From Studio71, a game based on the comic and Netflix hits, Umbrella Academy, is now available to all. A few months ago I was able to do a preview of the game, but through production and testing the final version changed in many ways from the Beta to the wide release version. Many things stayed the same, but some features changed for both good and bad. Here is how the final game turned out.

Umbrella Academy Game – Game Play

From Beta to release the rules of gameplay changed rather drastically. Originally, the number of villains you faced changed based on the number of players. The villain attack cards also varied depending on the villains drawn. While the number of villain cards depend on the number of players, the attack cards from the villains are now fixed. For example, if two people play the game, you will always face 7 attack cards.

While it narrows down the randomness, which could be fun, it improves the overall playability of the game. Nothing felt worse than fighting your way to the end of the game only to flip a villain that brings out 8-9 attack cards.

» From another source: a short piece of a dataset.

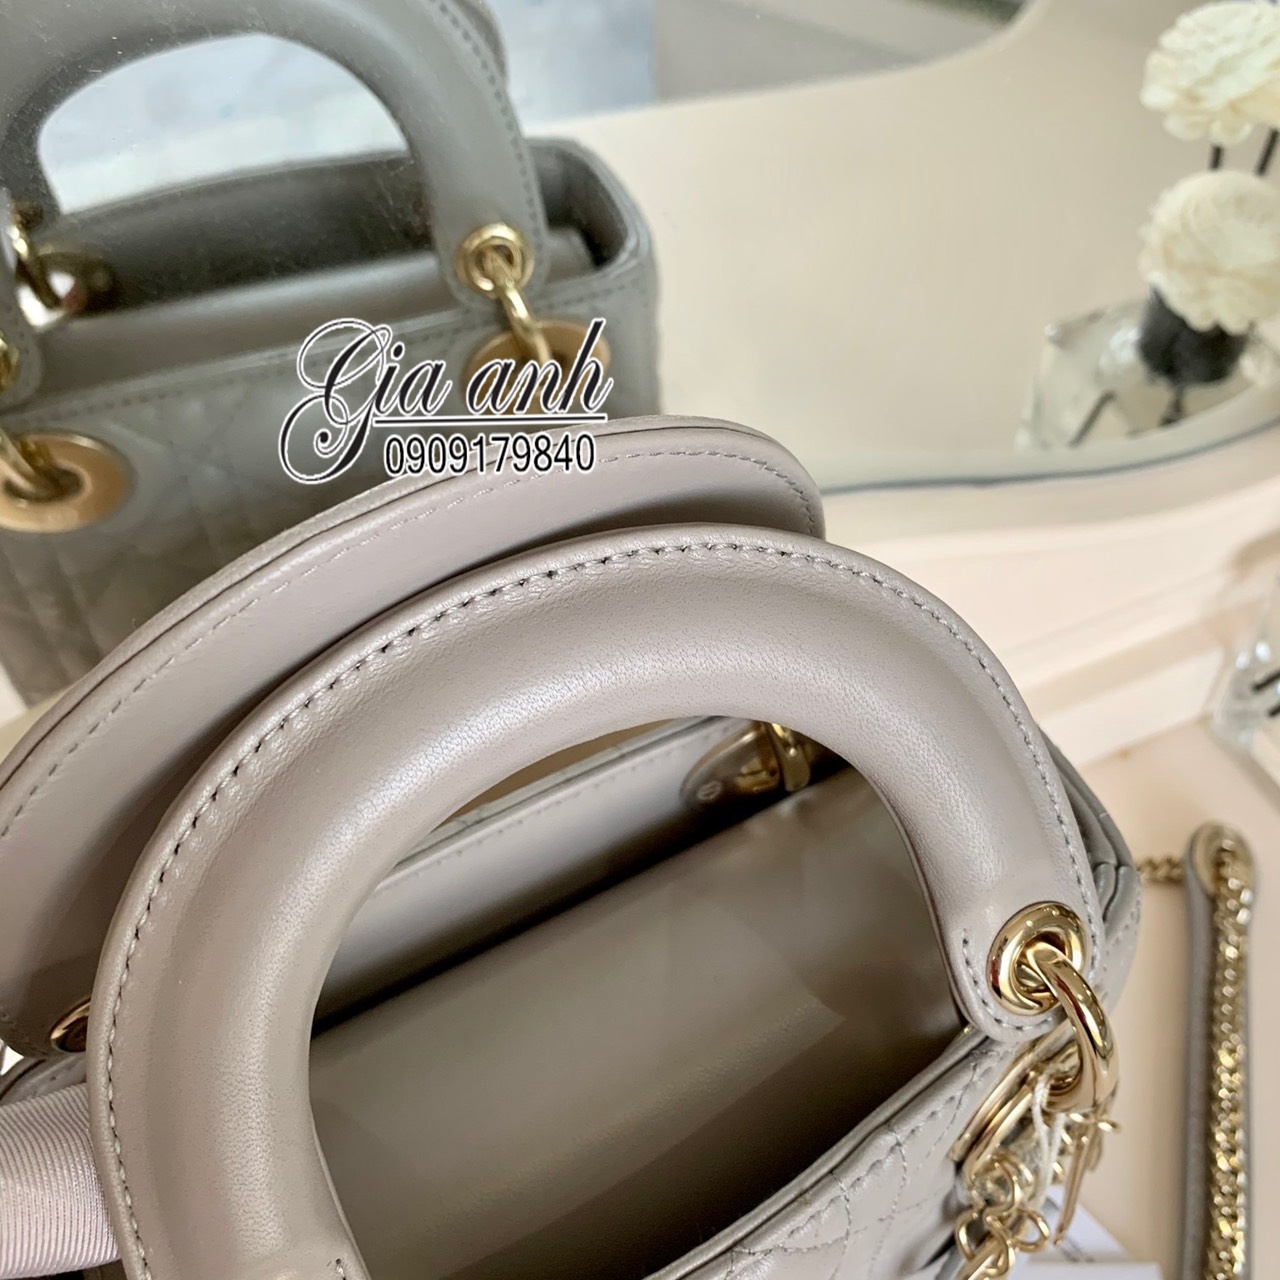 Túi Dior Lady mini Replica màu Grey

Hand size also depends on the number of people. For two players you now draw 5 cards per person. This feels like far too small a hand, and one can never do enough to tackle all the villain cards; However, so far I have won approximately 70% of the games I have played. The struggle to win simply makes the game a challenge it should be.

The hero powers of the kids were also tweaked from the Beta, and judging by all the games I have played the changes work well. It feels like one MUST play ‘The Horror’ (Ben the ghost) as only he heals, but in randomly drawing the heroes, multiple combos have worked just fine.

All of the core mechanics remain largely intact and an online, up-to-date rulebook (as well as the game itself) can be found online at

Umbrella Academy Game – An Almost Perfect Design

I love the way this game plays. It walks the fine line between being challenging yet winnable. I believe I have won about 70% of the games, but do not think of that as a high, stress free win. Several wins ended with at least one hero dead and any living heroes with nothing more than a life bar or two.

The quality of the design overall is good, but here a few flaws show up. The cards stock looks and feels great. Although if you manage to track down a collectable version, the silver edges on the cards make it hard to shuffle even though they look great. The game engine is unique and challenging, but two simple faucets fall short.

The first major flaw some may not even care about, but to avid gamers box design can be a huge annoyance. Zero thought went into this box design. The box consists of four compartments. Two are proper card size, although a bit tight. It can make getting the cards out a bit tricky.

A compartment, smaller than the rest holds the hero tokens. It seems a bit big for the small and limited tokens, but no issue here. The fourth and final compartment is x1.5 larger than the cards and serves no design purpose at all, except the cards do not fit in the card compartments. The overflow slides around in the larger compartment because there’s nowhere else to go.

Umbrella Academy Game – The Unforgivable Flaw

Box design can be annoying, but it does not affect the gameplay. The final flaw, however, is not so easily forgivable. The Gameboard sucks! In the original production photos the gameboard looked like a rectangle. The final gameboard is a near perfect square. Sure you have slots for the Dysfunction deck and the villain cards, but there is nowhere for the Hero deck or its discard pile. Also, when you face a villain, they play 6-10 attack cards in a row. The board fits 6 max. 7 cards and up, which is 2 players and up, you place the cards off the board.

While the board may look cool the way they designed it artistically, as far as gameplay goes throw the board away and just use the table. As well made as the game looks and plays, this one glaring flaw left me very frustrated. Simple gameplay should have demonstrated how poorly designed the gameboard is.

Umbrella Academy Game – Overall Thoughts

Crappy board design aside, this game rocks. The playstyle stands out as unique and you will rarely win a game without almost losing it first. For the cheap price of $25, gameplay will far exceed the low cost. If you can find a collectors edition, the box art and included Comic trade paperback make it a great find for collectors and lovers of the series. The other extra with the collector’s box is the cards are edged in silver.

I highly suggest this game not only for Umbrella Academy fans, but also anyone looking for a fun, challenging new game with a unique playstyle.